For instance, the above query may be extended towards:
S ::= <..> - < - ^’ing’ - ><@’title’><@ - ’number=’ 1..3> - ‘Charles.’</><../> .
where one attribute name has to be ‘title’ and another attribute
name has to end on ‘number’ and has to have a value between 1
and 3. It is up to the scanner to allow attributes to appear in any sequence.
Variables
A variable is declared by its first appearance in a rhs. The scope of
the variable is the grammar rule with that rhs. The name and the value of
a variable are strings of arbitrary length, following the syntax of attributes
in XML. With the coming Schemata, typed variables may be added (as we did
in our implementation).
The possible operations on variables, written in C-style, may be summarized
by :
- assignment to variables from the last read-in symbol of the text.
The reserved symbol '%' stands for the last symbol that is read in.
- assignment of expressions with variables and constants. Within an
expression variables may be concatenated, together with string-constants and
the last read-in character. The concatenation operator is '||'.
- tests on (expressions of) variables. A test concerns the truth-value
of a Boolean expression. If this value is "false" then the current matching
fails.
- calls to external procedures. A procedure-call consists of the name
of an external procedure which is written in some programming language, and
parameters in which (expressions of) variables may be passed. The first parameter
is a Boolean. If it returns the value "false" then the current matching fails.
Nonterminals may be enriched with parameters.

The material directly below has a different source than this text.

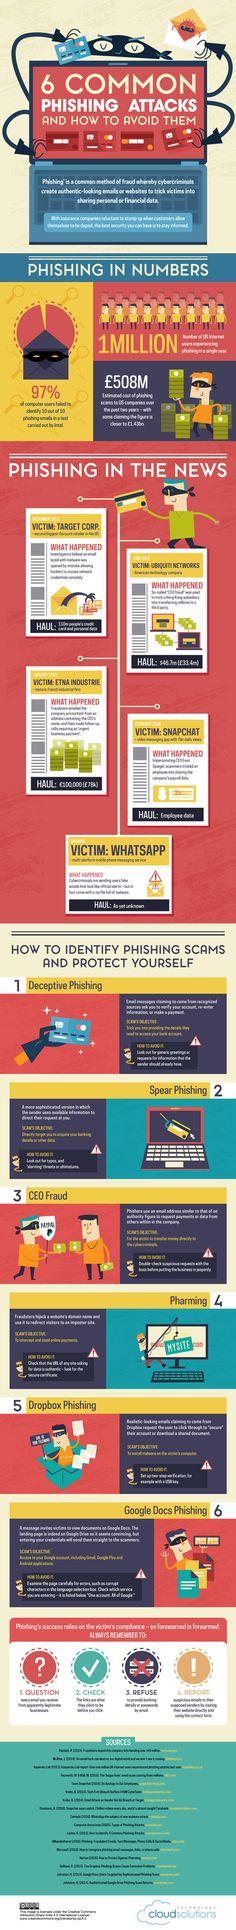 6 Common Phishing Attacks #Infographic

The parameters of nonterminals
at a lhs have to be preceded by the declarations "I:", "O:" or "IO:", which
correspond respectively with the features "inherited", "synthesized" and the
combination of both, which are familiar in attribute grammars.
Examples
- 1. assignment to a variable from the text :
S(O:A,O:B) ::= (a..g {A = A || %} | h..z {B = B || %} )*.
After matching of the input all characters in the range ‘a..g’
are appended in variable A and all characters in the range ‘h..z’
are appended in variable B. A and B will be reported.
- 2. Call of an external procedure :
S ::= - NP(singplu1, time1, head) { Sem(O:continue, I:time1, I:head,
IO:expect) },
VP(singplu2, time2, expect) { singplu1 == singplu2; time1 == time2 }.
After the matching of an NP the routine "Sem" is called with as input
parameters "time1" and "head" and as output parameters "continue" and "expect".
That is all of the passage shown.